WORK REQUEST
When you reach the line that contains "Tastaturet som vises", begin copying exactly and continue through the last line below. Do not copy pictures.

Saved data entries
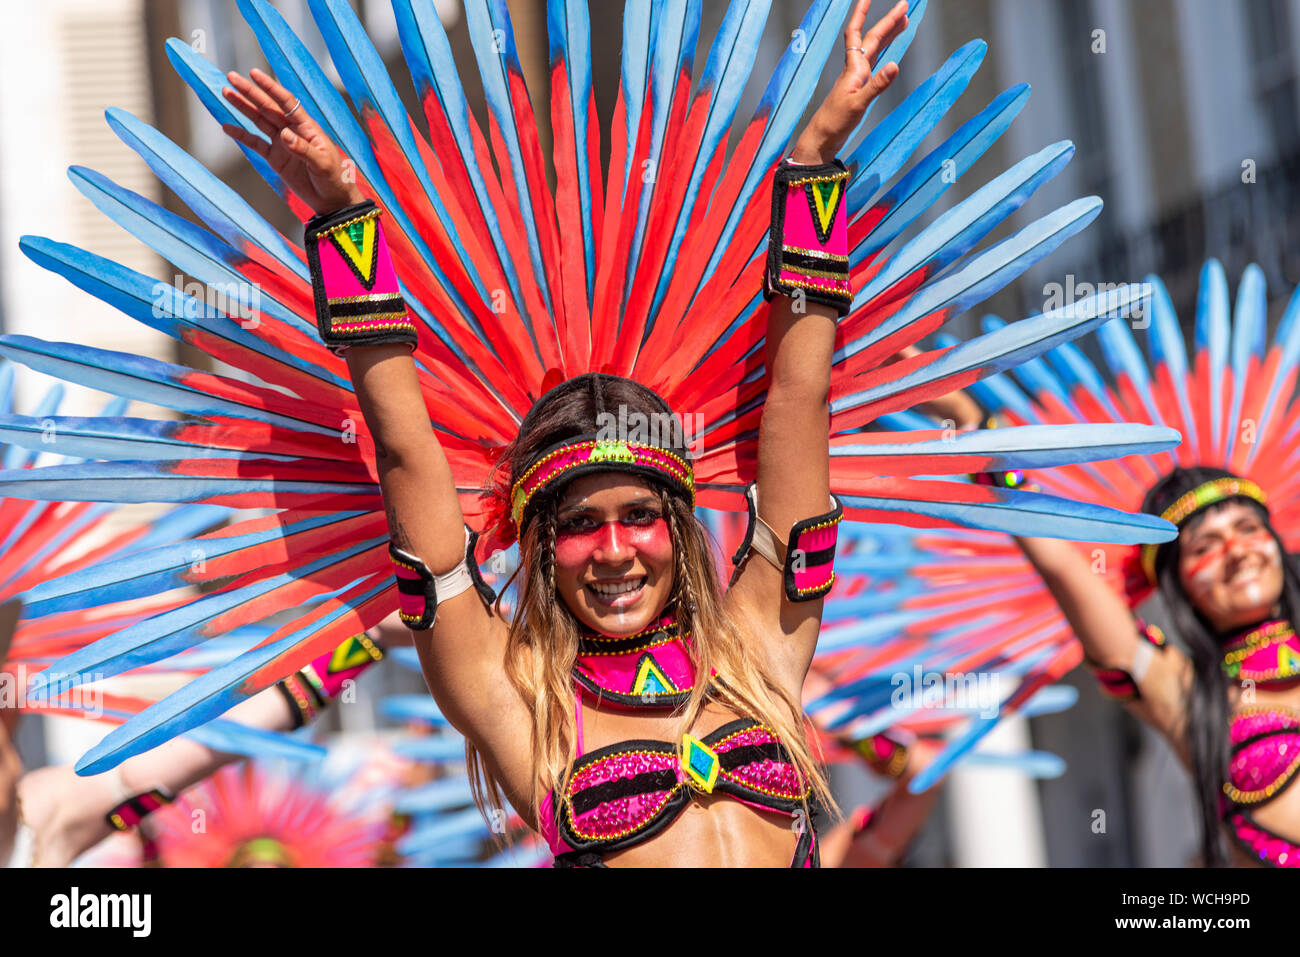 Femme en costume coloré à la jamaïcaine élaborée Notting Hill Carnival Parade finale sur un jour férié lundi. L'école de samba Paraiso Banque D'Images
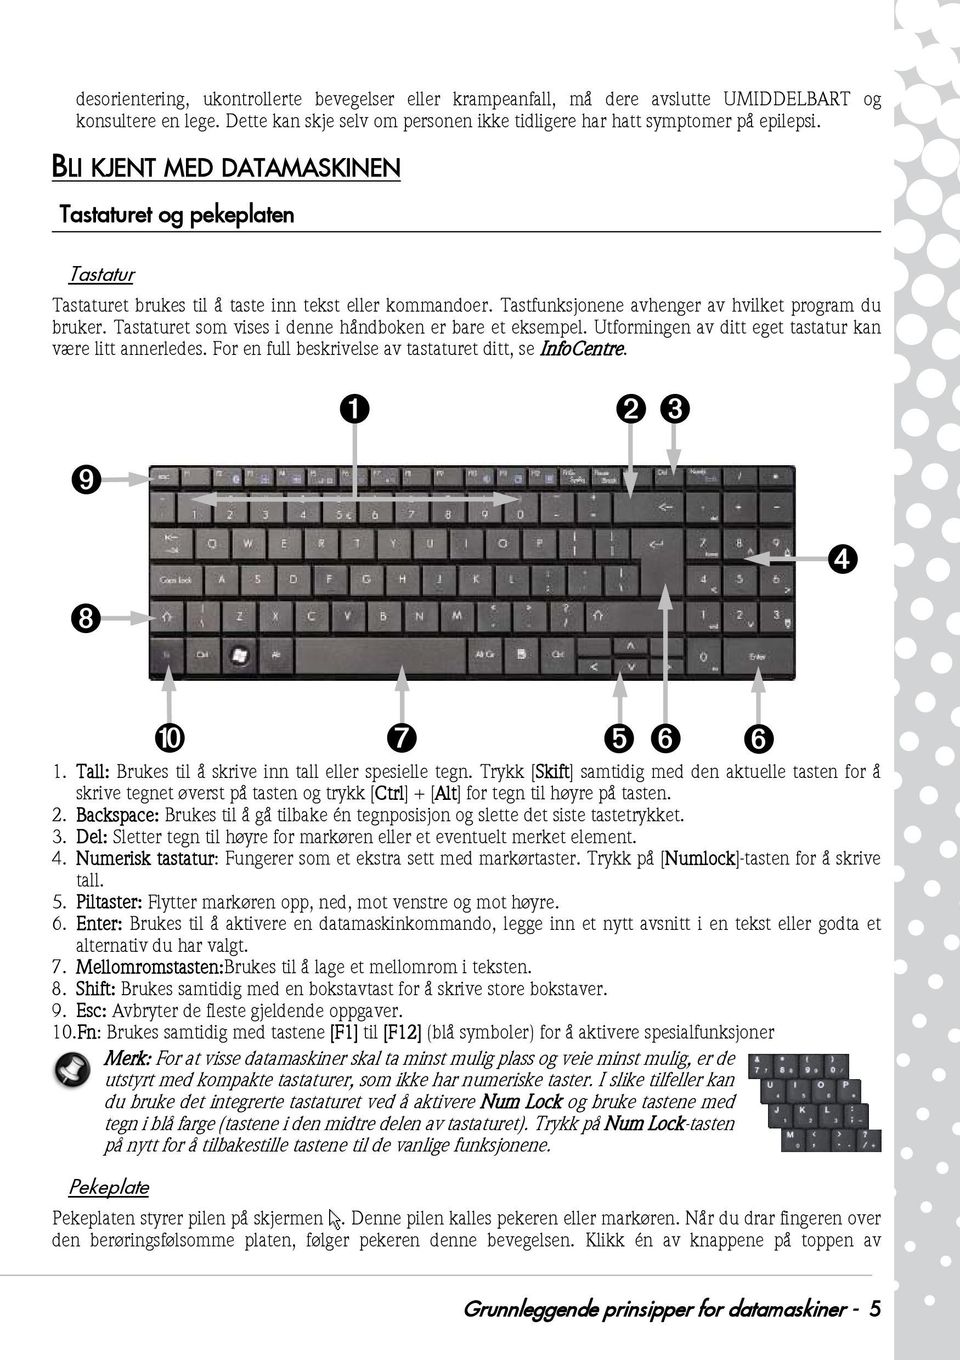 Tastaturet som vises i denne håndboken er bare et eksempel. Utformingen av ditt eget tastatur kan være litt annerledes. For en full beskrivelse av tastaturet ditt, se InfoCentre.
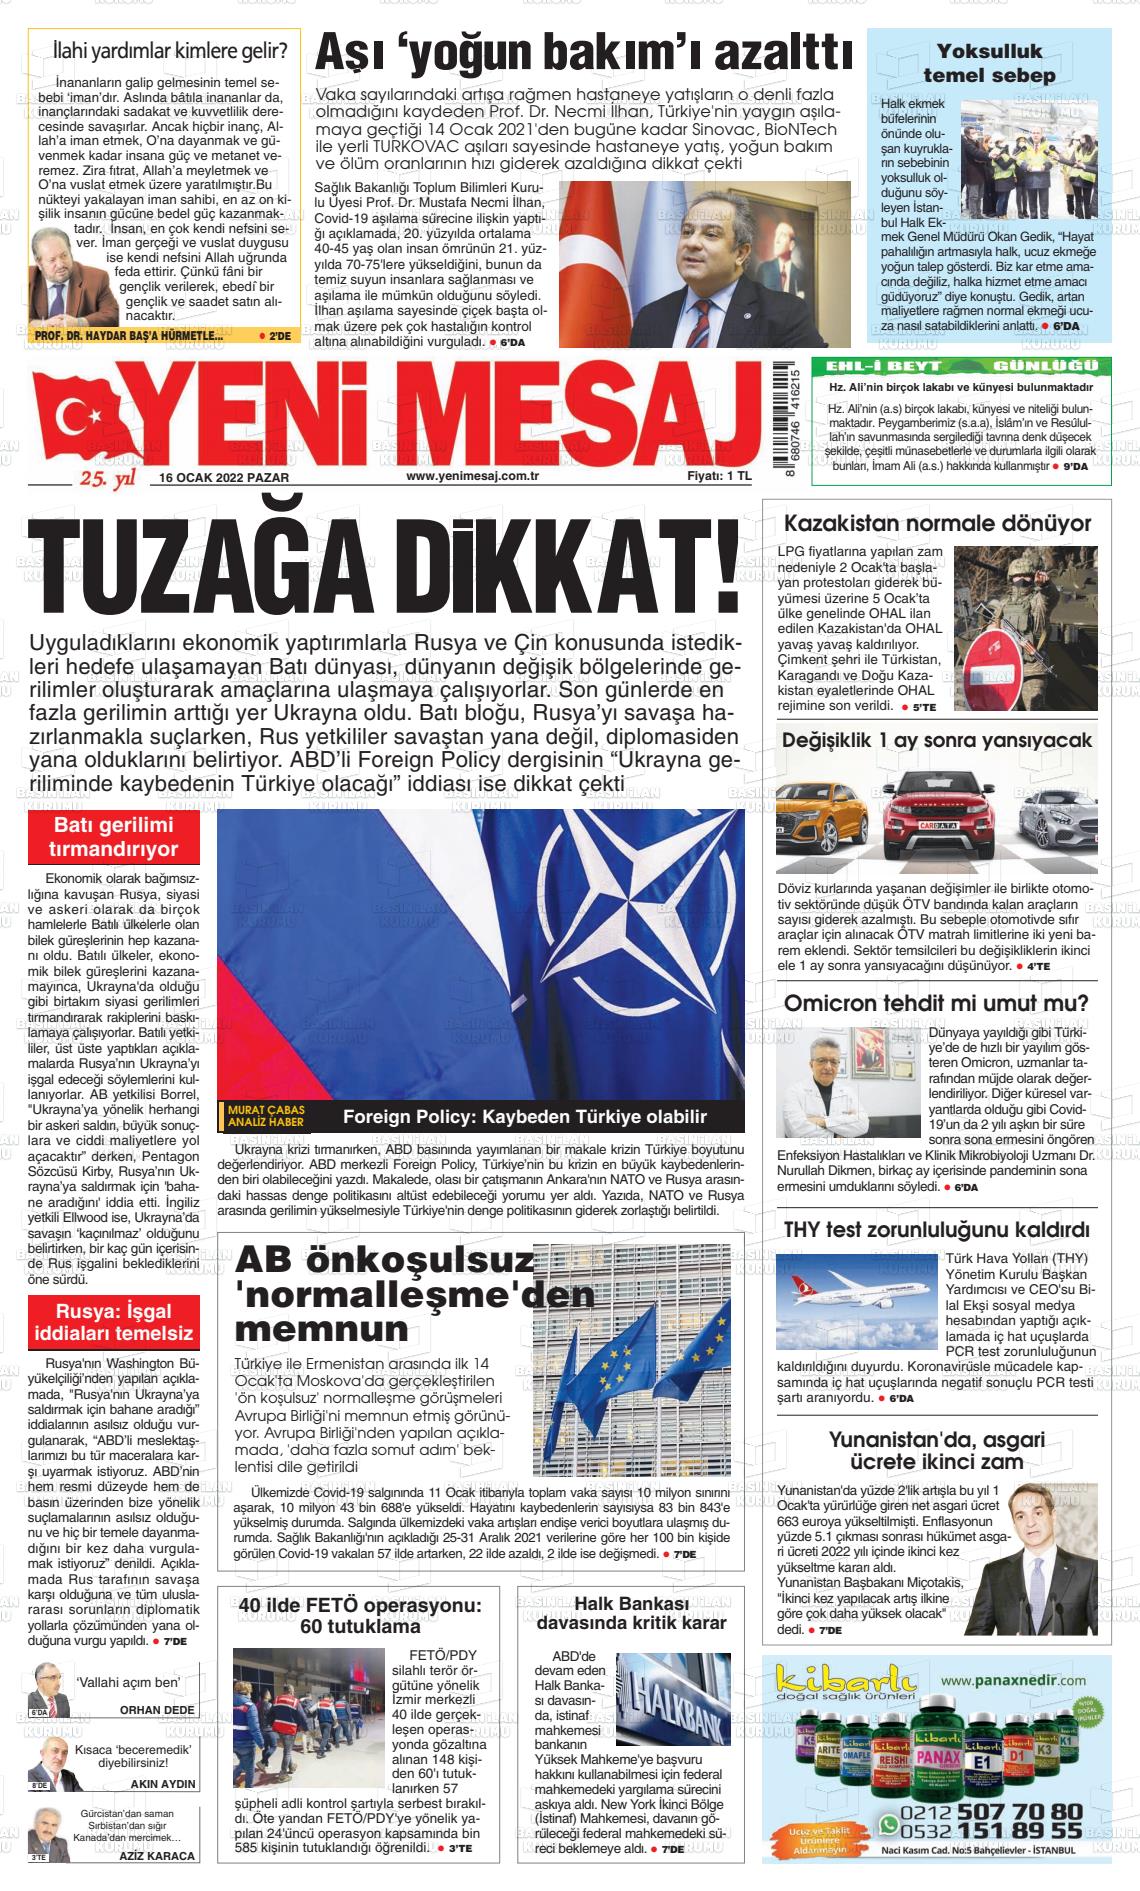 16 Ocak 2022 Yeni Mesaj Gazete Manşeti
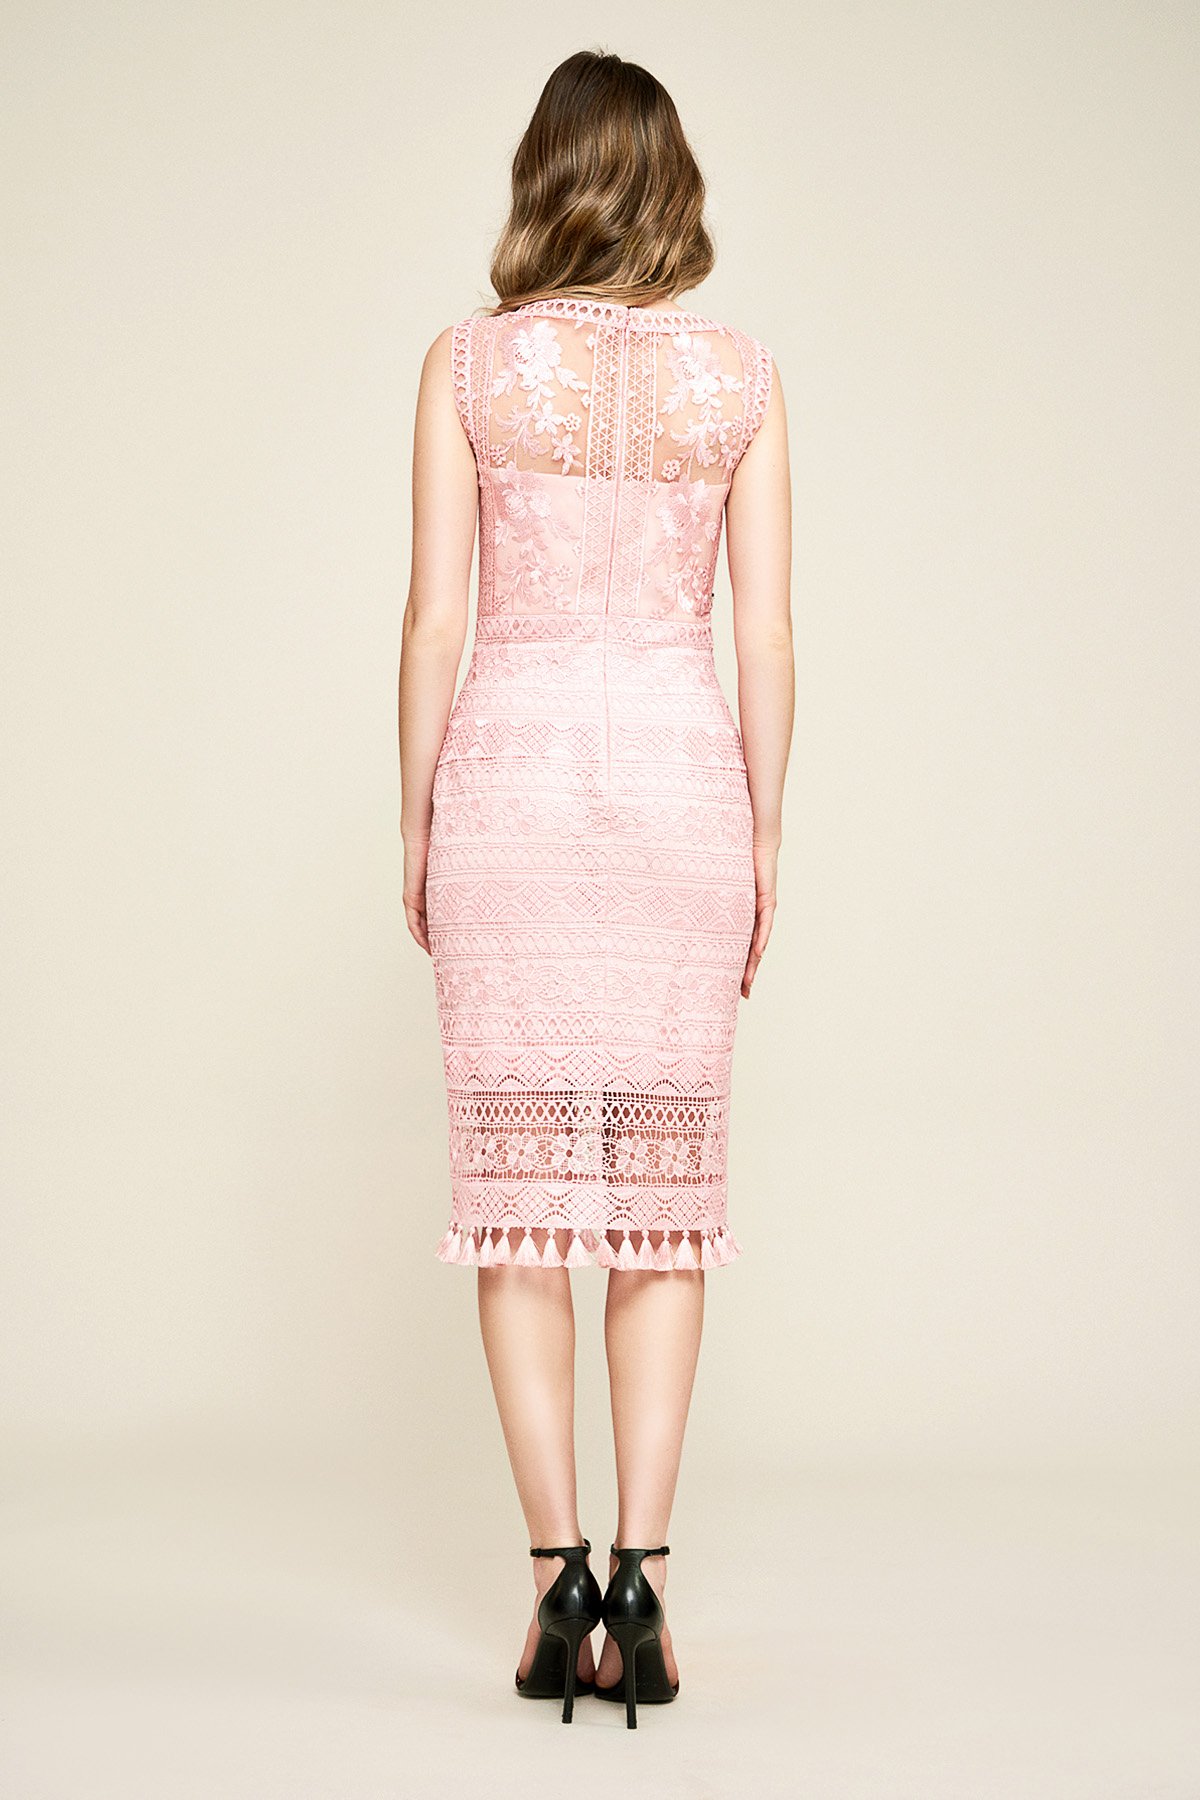 Tadashi Shoji - Moanna Lace Embroidered Dress
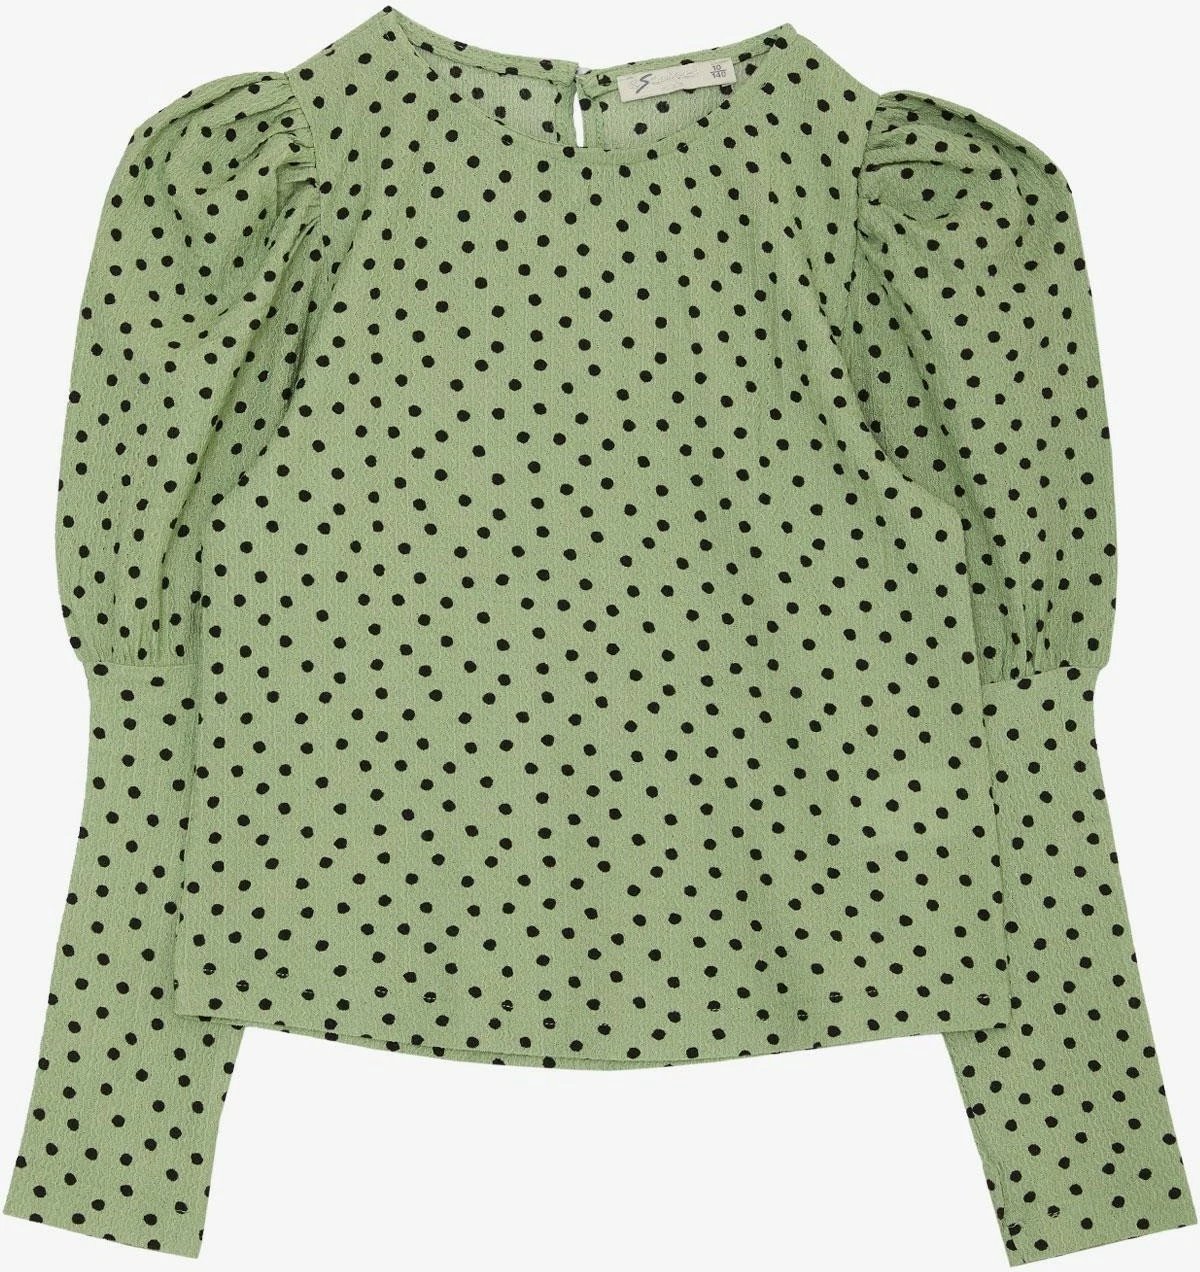 Bluzë për vajza Escabel, e gjelbër

EXERCISE ANSWER
 Tastaturet som vises i denne håndboken er bare et eksempel. Utformingen av ditt eget tastatur kan være litt annerledes. For en full beskrivelse av tastaturet ditt, se InfoCentre.
 16 Ocak 2022 Yeni Mesaj Gazete Manşeti
 Tadashi Shoji - Moanna Lace Embroidered Dress
 Bluzë për vajza Escabel, e gjelbër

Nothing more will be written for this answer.